Friday, August 15, 2014

THE CHALLENGES OF AUDIOBOOK NARRATION, PART 10: FORGIVING YOURSELF FOR YOUR EARLIEST WORKS (OF QUESTIONABLE QUALITY)

Another reposting of an entry recently appearing on the Plum Tree Books page on Facebook.

For those who might be interested in seeing how an audiobook narrator’s prosodic abilities can evolve (hopefully improve) over time, you need look (or listen) no further than my most recent epic-length offering on LibriVox. I've mentioned in previous posts the substantial challenges in bringing to life a modern verse (mostly iambic pentameter) version of the classic work, ON THE NATURE OF THINGS, written originally in Latin verse by Lucretius as an extended discourse on Epicurean philosophy for the aesthetes of the Roman Empire.

I was inspired to produce the audiobook (and put it into the public domain via LibriVox) after reading the New York Times bestseller, THE SWERVE, by Stephen Greenblatt, which (in its less-controversial passages) makes the case that Lucretius's work is one of the foundational works of our "modern" world, via the substantial influence it had on most of the superstars of the Enlightenment era (including Newton, Voltaire, Jefferson, and many others).

Here's the thing, though: I started work on my recording of ON THE NATURE OF THINGS before I had gone very far in developing my skills as an audiobook narrator, about half a year before I ever attempted my first professional audiobook work. As such, I am fairly horrified at the sound of the opening sections of the work -- the over-enunciation of consonants, the half-assed dramatization of simple phrases, and a host of other sins of commission and omission.

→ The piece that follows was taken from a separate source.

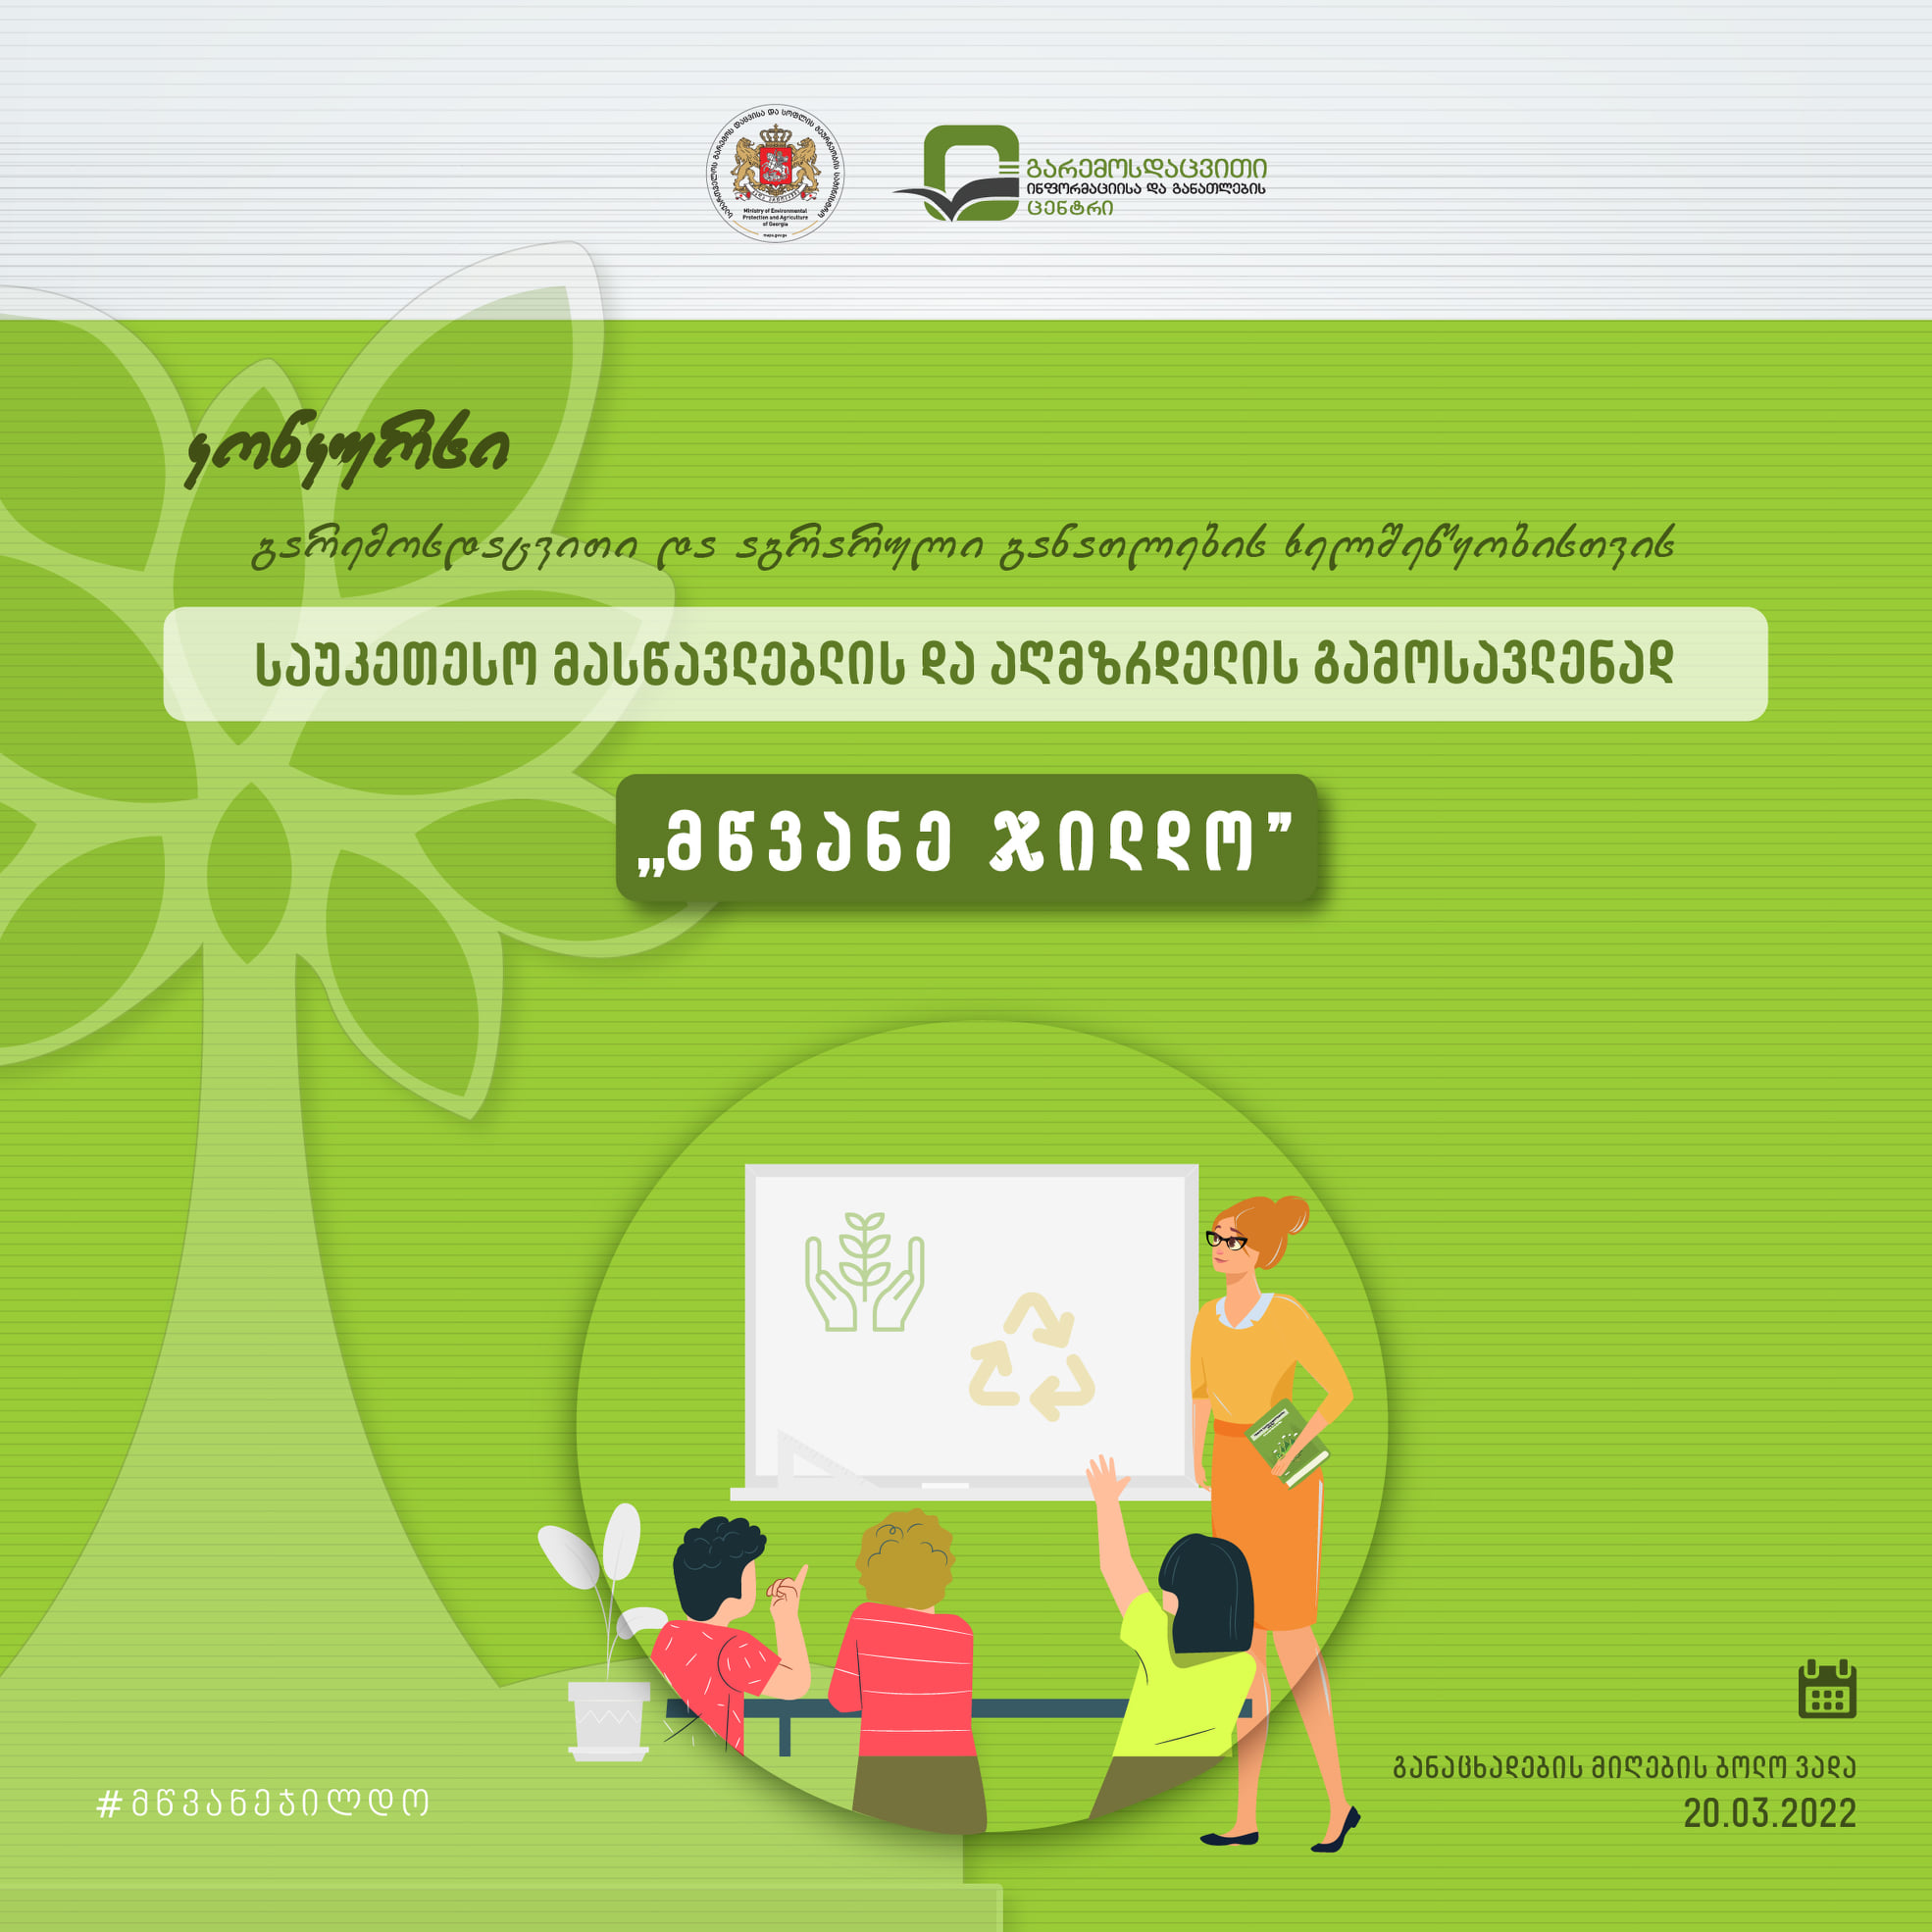 The Ministry of Environmental Protection and Agriculture of Georgia announces the ‘’Green Award Contest’’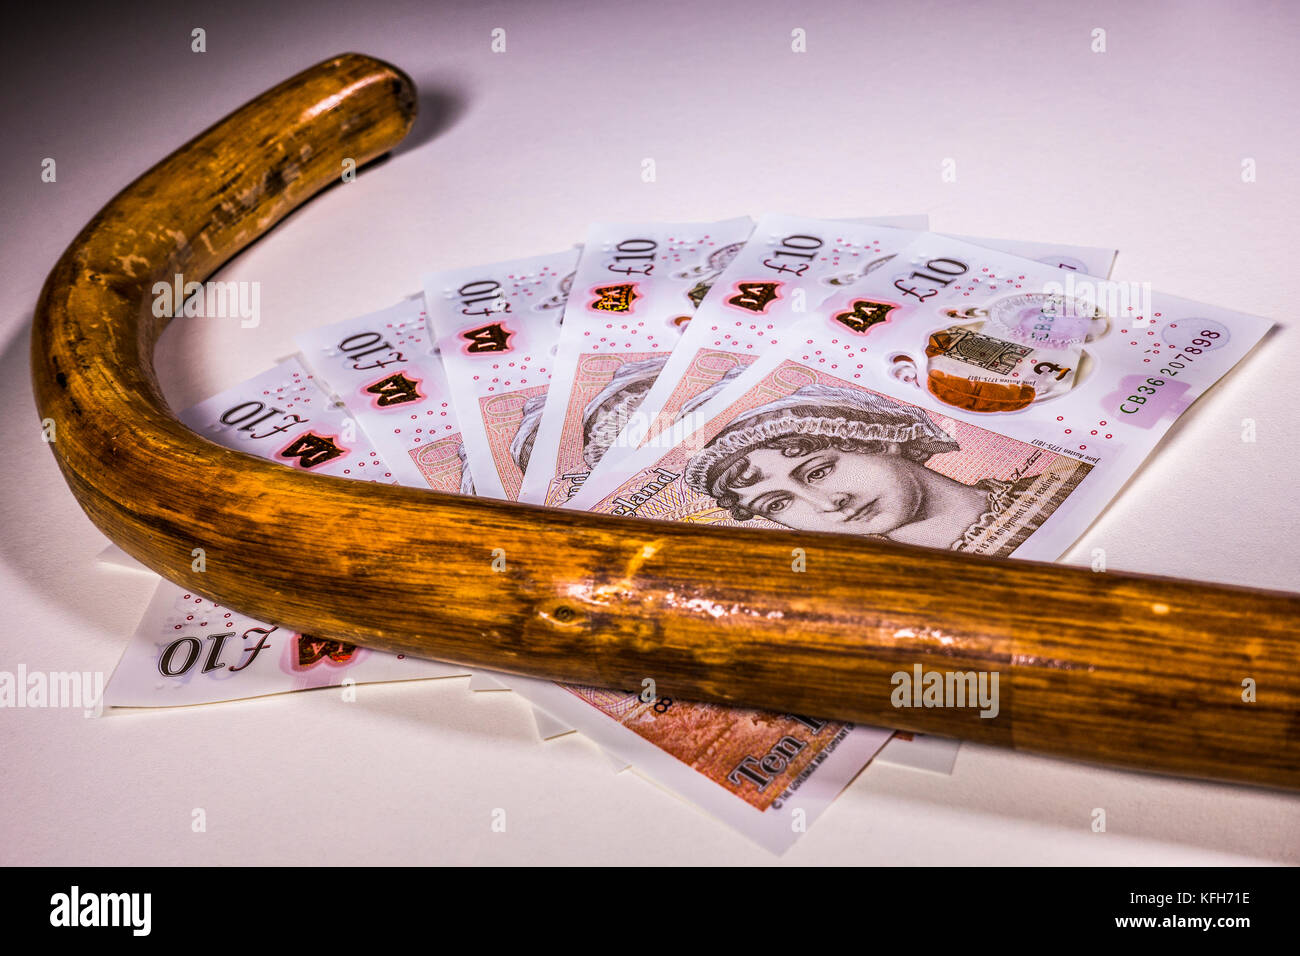 Walking stick / cane and new sterling £10 ten pound notes. Concept of link between old age and UK pounds, such as pension income and healthcare cost. Stock Photo

But at moments when I can forgive myself for my early-on display of ineptitude, I can start to appreciate my full recording of ON THE NATURE OF THINGS as a longitudinal record of my development as an audiobook narrator.

To get a quick idea of what I’m talking about, listen (if you can bear it) to a few lines of one of the first sections that I recorded in Book 1; then listen to one in the middle (perhaps one of the sections of Book 3), and finally to one of the very last sections, in Book 6. I think you'll agree that the differences are striking!